In this demo, we implement a simple face tracker applied on an input video.

Sources:

Contents

Video

Create the video file reader

if true
    v = which('vipcolorsegmentation.avi');
    s = 3;                    % scale since frames are a bit too small
    win = [40 45 25 25] * s;  % hardcoded object location
else
    v = which('visionface.avi');
    s = 1;
    win = [275 125 75 100];
end
if isempty(v)
    if true
        filtspec = strjoin(strcat('*.', {'avi','mpg','mpeg','mp4','wmv'}), ';');
        [fn,fp] = uigetfile(filtspec, 'Select a video file');
        if fp==0, error('No file selected'); end
        v = fullfile(fp,fn);
    else
        v = 0;
    end
    s = 1;
    win = [];
end
vid = cv.VideoCapture(v);
assert(vid.isOpened(), 'Could not initialize capturing');

Read the first video frame which contains the object to track

img = vid.read();
assert(~isempty(img), 'Failed to read frame');
if s ~= 1, img = cv.resize(img, s, s); end
sz = size(img);

Options

% visualization options
use_hg = false;
vis_prob = false;
str = {'meanshift', 'camshift', 'camshift rotated'};
clr = 255 * eye(3);

% mean shift termination criteria
crit = struct('type','Count+EPS', 'maxCount',10, 'epsilon',1.0);

Prepare plot

hImg = imshow(img);
title('Histogram-based Tracker (MeanShift & CamShift)')
if use_hg
    hRectMS = rectangle('Position',win, 'EdgeColor','r');
    hRectCS = rectangle('Position',win, 'EdgeColor','g');
    hLineCS = line(NaN, NaN, 'Color','b');
end

Detect a face to track

Define the object region. This initial window is typically found using some sort of object detection.
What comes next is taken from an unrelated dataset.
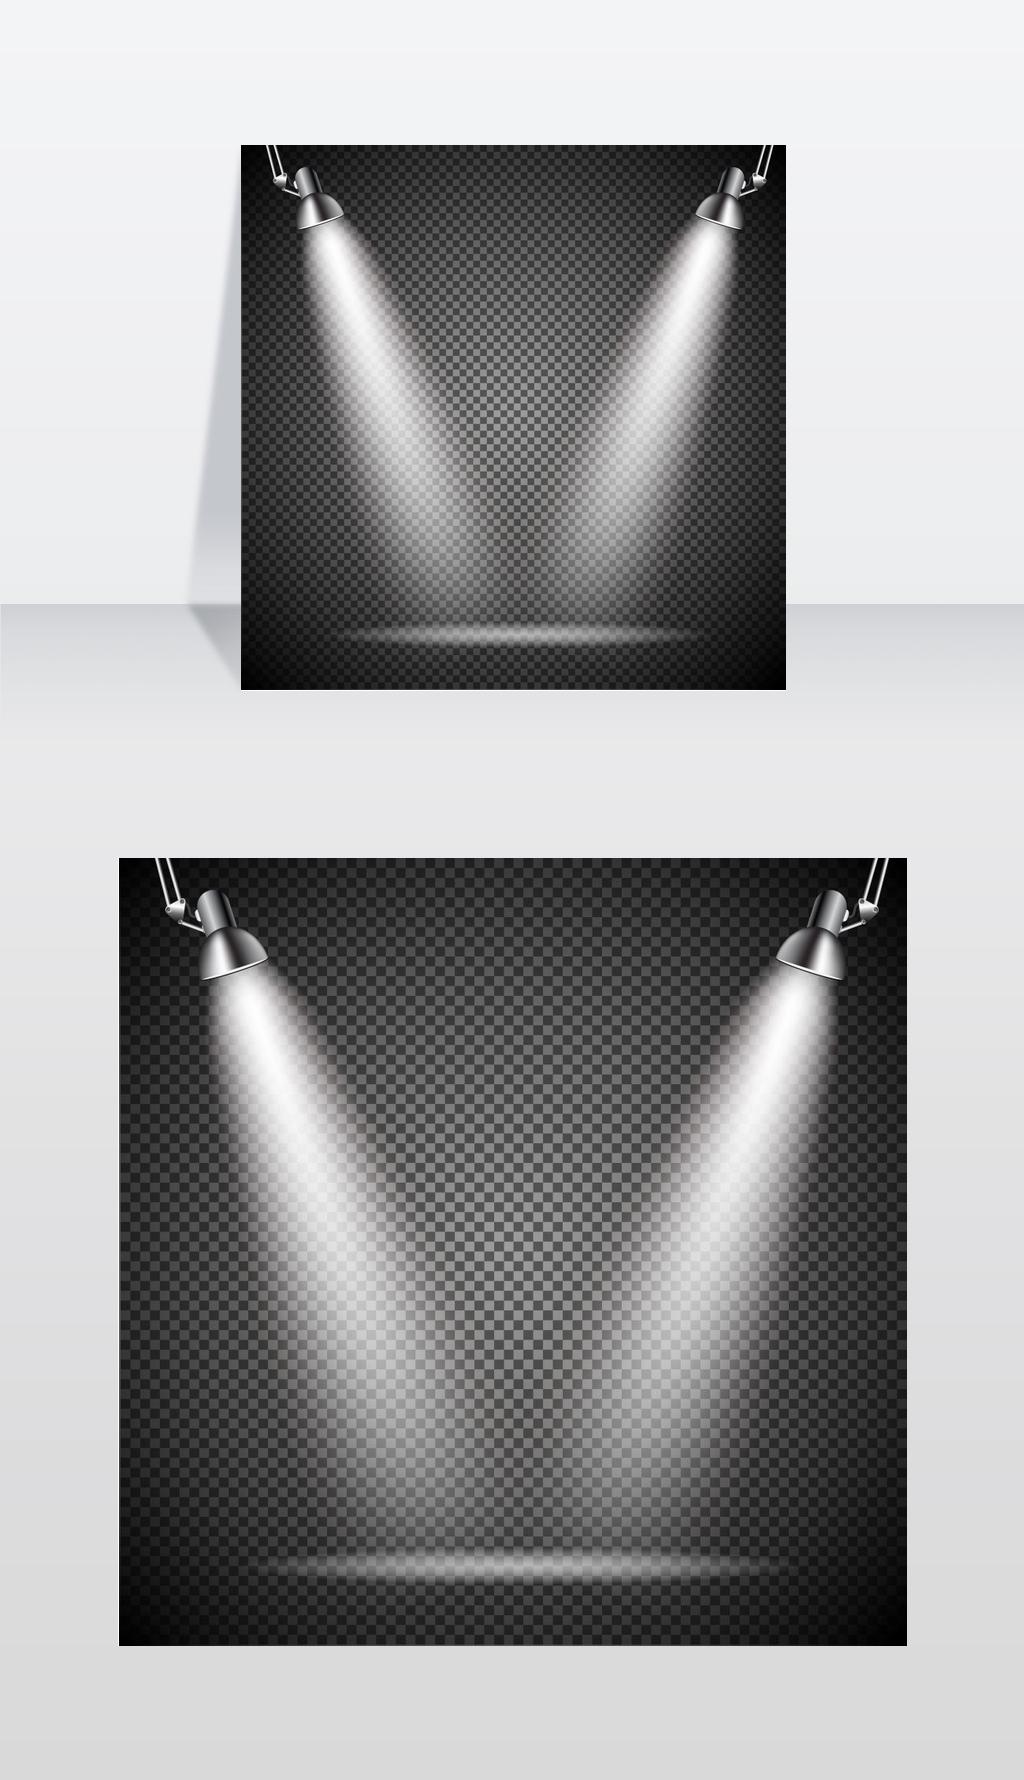 明亮与照明聚光灯灯与透明效果的格子暗背景文本或对象的空空间EPS10明亮的射灯照明图片设计素材 高清模板下载 10.35MB 运动大全
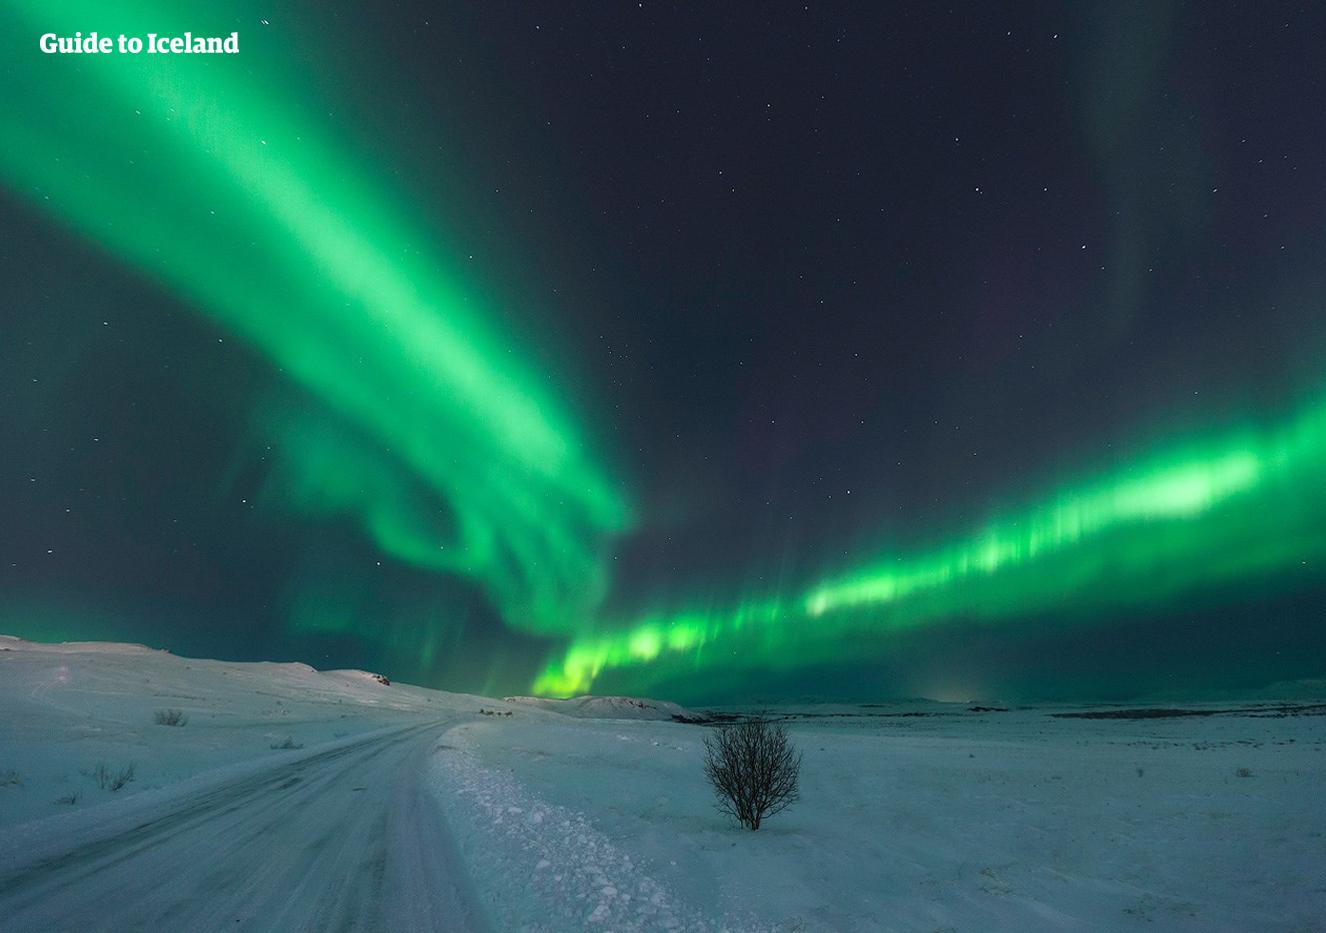 自助自驾游冰岛让你可以自己掌握旅行节奏,相比跟团游更为灵活、个性化

Optionally, you can select the object region using your mouse with IMRECT. The object must occupy the majority of the region.

if isempty(win)
    if false
        % automatically detect biggest face in image
        xmlfile = fullfile(mexopencv.root(),'test','haarcascade_frontalface_alt2.xml');
        obj = cv.CascadeClassifier(xmlfile);
        faces = obj.detect(cv.equalizeHist(cv.cvtColor(img, 'RGB2GRAY')));
        clear obj
        if ~isempty(faces)
            %TODO: we can further improve this by detecting nose within face,
            % as it provides more accurate measure of skin tone with less
            % background pixels
            [~,idx] = max(cellfun(@(f) cv.Rect.area(f), faces));
            win = faces{idx};
        end
    elseif ~mexopencv.isOctave() && mexopencv.require('images')
        % interactively select region with mouse
        hRect = imrect(gca);
        setColor(hRect, clr(1,:)/255);
        win = wait(hRect);
        mask = uint8(createMask(hRect, hImg) * 255);
        delete(hRect);
        win(1:2) = win(1:2) - 1;
    else
        % fallback to using an input dialog to prompt for region
        win = inputdlg(strcat('win.',{'x','y','w','h'}), 'Window', 1);
        win = str2double(win);
    end
end
assert(~isempty(win) && cv.Rect.area(win) > 0, 'invalid object region');
win = cv.Rect.intersect(win, [0 0 sz(2) sz(1)]);
winMS = win;
winCS = win;

% set up ROI mask marking the object to track
if true
    mask = zeros(sz(1:2), 'uint8');
    mask = cv.rectangle(mask, win, 'Color',255, 'Thickness','Filled');
elseif true
    w = win + [1 1 0 0];
    mask = false(sz(1:2));
    mask(w(2):w(2)+w(4), w(1):w(1)+w(3)) = true;
end

Facial feature to track (hue color)

Set the object, based on the hue channel of the first video frame. (Convert to HSV color space and calculate the hue histogram of object)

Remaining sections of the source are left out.